Prof Hauschild talks to ecancertv at EADO 2015 about how this open label study shows there is a survival “tail”. 

Vemurafenib is an oral, selective inhibitor of activated BRAF that has shown high response rates and improved progression-free survival and overall survival in patients with BRAFV600 mutation–positive melanoma.

ecancer's filming at EADO 2015 has been kindly supported by Amgen through the ECMS Foundation. ecancer is editorially independent and there is no influence over content.

EADO Congress 2015

Vemurafenib in patients with BRAF600 mutation–positive metastatic melanoma

Prof Axel Hauschild - University of Kiel, Kiel, Germany


You’ve been presenting a study on vemurafenib, so that’s a RAF inhibitor, and the analysis of long-term response. This, of course, is in patients with BRAF, mutated BRAF, V600 mutated disease. It was an open label study, can you tell me about the study? It’s quite big, over 3,000 patients, so what did you do and what did you find?
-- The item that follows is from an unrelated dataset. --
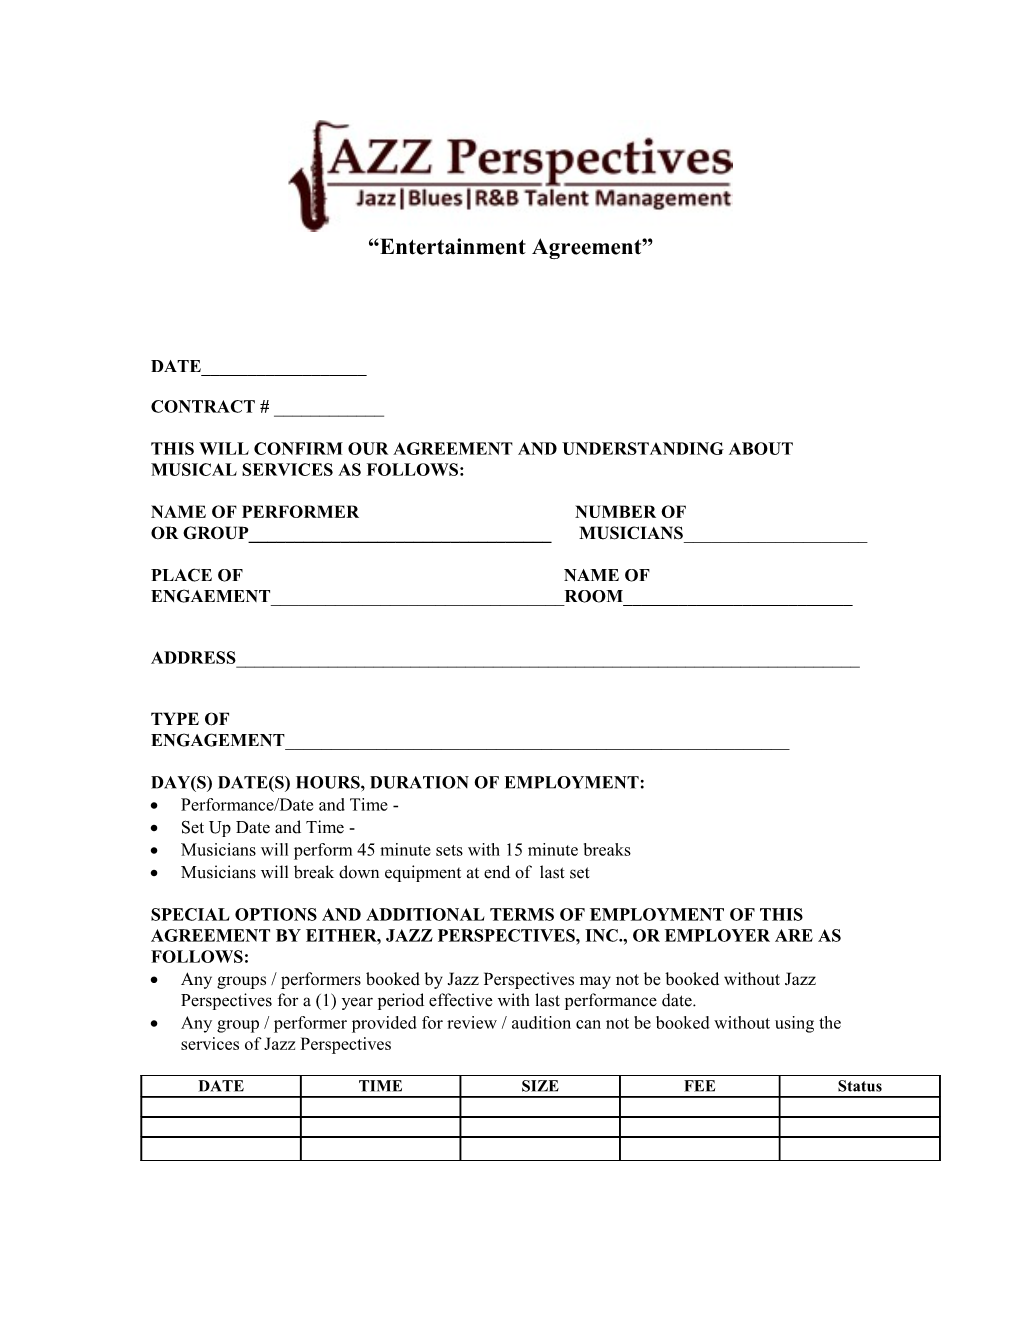 Jazz Perspectives, Inc

That’s an early access programme so it’s an EAP and therefore the number of patients treated in various countries is very high. We call this study a real life study because patients were not treated under the conditions of a clinical trial but in a real world setting. The findings are quite interesting because so many patients have been treated there are certain subgroup analyses feasible. We found out that patients with a long duration of response, as defined as more than twelve months, have the following prognostic factors. It’s typically patients with low LDH measured in the serum of the patients; it’s typically patients with no brain metastases and patients who were belonging to a M1a stage of disease which means this is patients typically with relatively low tumour load who are doing well. These patients can have very long responses, over years.

And, of course, they were all treatment naïve, they had not a RAF inhibitor before?

That’s true.

But they weren’t all second line, first line, what were these patients?

These were first line patients, you are absolutely right. But I was presenting at this meeting data on second line as well. So we had four clinical trials to report on vemurafenib. The first one was a phase I which was presented already in the year 2011. The second one was the so-called BRIM-2 and then BRIM-3 which was bringing the drug to the market, and this is the early access programme. So there are four clinical trials available and we have a meta-analysis of all the clinical trials which show exactly the same prognostic parameters.

Significantly you’ve been talking here about duration of response and you’ve got a big increase in duration of response. What did you get and what’s the significance of this? It’s a big increase but still the numbers of patients are quite small at one year, aren’t they?

You are right, I agree. But on the other hand we need to say the question was if there is long-term survival on the horizon. We figured out that the long-term survival, and the longest data which is available is the three year survival, it’s in the range of 30%, three zero, not thirteen, one three, which means one third of the patients are still alive after three years. Some other colleagues were saying, ‘Well, with targeted therapies everybody is dying quickly because there is resistance,’ but obviously there are people who don’t have resistance.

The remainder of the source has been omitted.